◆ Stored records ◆
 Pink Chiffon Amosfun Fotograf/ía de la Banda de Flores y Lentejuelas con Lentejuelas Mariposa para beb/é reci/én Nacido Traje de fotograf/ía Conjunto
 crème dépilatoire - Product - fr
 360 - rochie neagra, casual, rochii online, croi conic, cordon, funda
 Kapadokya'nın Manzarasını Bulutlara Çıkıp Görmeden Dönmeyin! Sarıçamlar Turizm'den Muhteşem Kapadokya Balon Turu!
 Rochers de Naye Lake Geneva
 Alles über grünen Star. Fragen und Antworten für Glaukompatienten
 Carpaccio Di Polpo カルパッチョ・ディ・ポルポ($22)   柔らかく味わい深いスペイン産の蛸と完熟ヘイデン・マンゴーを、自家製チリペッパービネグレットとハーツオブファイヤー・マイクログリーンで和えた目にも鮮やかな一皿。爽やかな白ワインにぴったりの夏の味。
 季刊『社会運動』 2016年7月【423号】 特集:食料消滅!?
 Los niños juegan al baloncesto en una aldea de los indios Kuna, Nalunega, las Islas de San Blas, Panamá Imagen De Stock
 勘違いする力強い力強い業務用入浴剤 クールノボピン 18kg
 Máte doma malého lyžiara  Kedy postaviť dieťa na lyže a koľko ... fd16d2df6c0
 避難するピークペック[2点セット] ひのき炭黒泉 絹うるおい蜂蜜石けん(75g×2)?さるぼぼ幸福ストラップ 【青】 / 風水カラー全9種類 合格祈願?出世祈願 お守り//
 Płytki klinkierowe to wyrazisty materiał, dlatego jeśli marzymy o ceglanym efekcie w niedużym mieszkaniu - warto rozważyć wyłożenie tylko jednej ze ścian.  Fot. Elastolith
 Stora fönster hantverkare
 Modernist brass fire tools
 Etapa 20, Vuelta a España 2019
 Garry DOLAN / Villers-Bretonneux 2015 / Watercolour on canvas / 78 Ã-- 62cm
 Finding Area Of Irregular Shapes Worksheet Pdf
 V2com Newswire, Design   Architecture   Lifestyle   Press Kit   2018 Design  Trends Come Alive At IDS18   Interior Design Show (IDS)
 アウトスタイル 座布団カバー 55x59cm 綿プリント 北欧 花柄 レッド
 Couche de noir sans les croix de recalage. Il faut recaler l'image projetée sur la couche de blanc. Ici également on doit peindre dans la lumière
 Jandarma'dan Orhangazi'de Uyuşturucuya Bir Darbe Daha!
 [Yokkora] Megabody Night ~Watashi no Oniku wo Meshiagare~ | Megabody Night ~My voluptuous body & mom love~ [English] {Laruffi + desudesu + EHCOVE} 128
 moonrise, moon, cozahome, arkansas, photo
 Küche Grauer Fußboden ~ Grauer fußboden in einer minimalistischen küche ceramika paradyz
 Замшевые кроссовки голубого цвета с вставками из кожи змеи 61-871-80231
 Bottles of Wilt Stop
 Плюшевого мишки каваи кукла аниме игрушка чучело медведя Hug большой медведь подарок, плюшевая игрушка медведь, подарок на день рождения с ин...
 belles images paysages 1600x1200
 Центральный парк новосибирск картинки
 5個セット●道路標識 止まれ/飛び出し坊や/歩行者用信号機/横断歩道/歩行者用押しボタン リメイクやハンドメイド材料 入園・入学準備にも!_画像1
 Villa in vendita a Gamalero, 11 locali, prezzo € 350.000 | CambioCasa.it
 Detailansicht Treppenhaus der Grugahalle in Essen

◆ What you need to do ◆
Your answer should be the lines above, from the line containing "Finding Area Of" up to and including the line containing "Küche Grauer Fußboden", reproduced exactly and with nothing else.

◆ Answer for the task ◆
 Finding Area Of Irregular Shapes Worksheet Pdf
 V2com Newswire, Design   Architecture   Lifestyle   Press Kit   2018 Design  Trends Come Alive At IDS18   Interior Design Show (IDS)
 アウトスタイル 座布団カバー 55x59cm 綿プリント 北欧 花柄 レッド
 Couche de noir sans les croix de recalage. Il faut recaler l'image projetée sur la couche de blanc. Ici également on doit peindre dans la lumière
 Jandarma'dan Orhangazi'de Uyuşturucuya Bir Darbe Daha!
 [Yokkora] Megabody Night ~Watashi no Oniku wo Meshiagare~ | Megabody Night ~My voluptuous body & mom love~ [English] {Laruffi + desudesu + EHCOVE} 128
 moonrise, moon, cozahome, arkansas, photo
 Küche Grauer Fußboden ~ Grauer fußboden in einer minimalistischen küche ceramika paradyz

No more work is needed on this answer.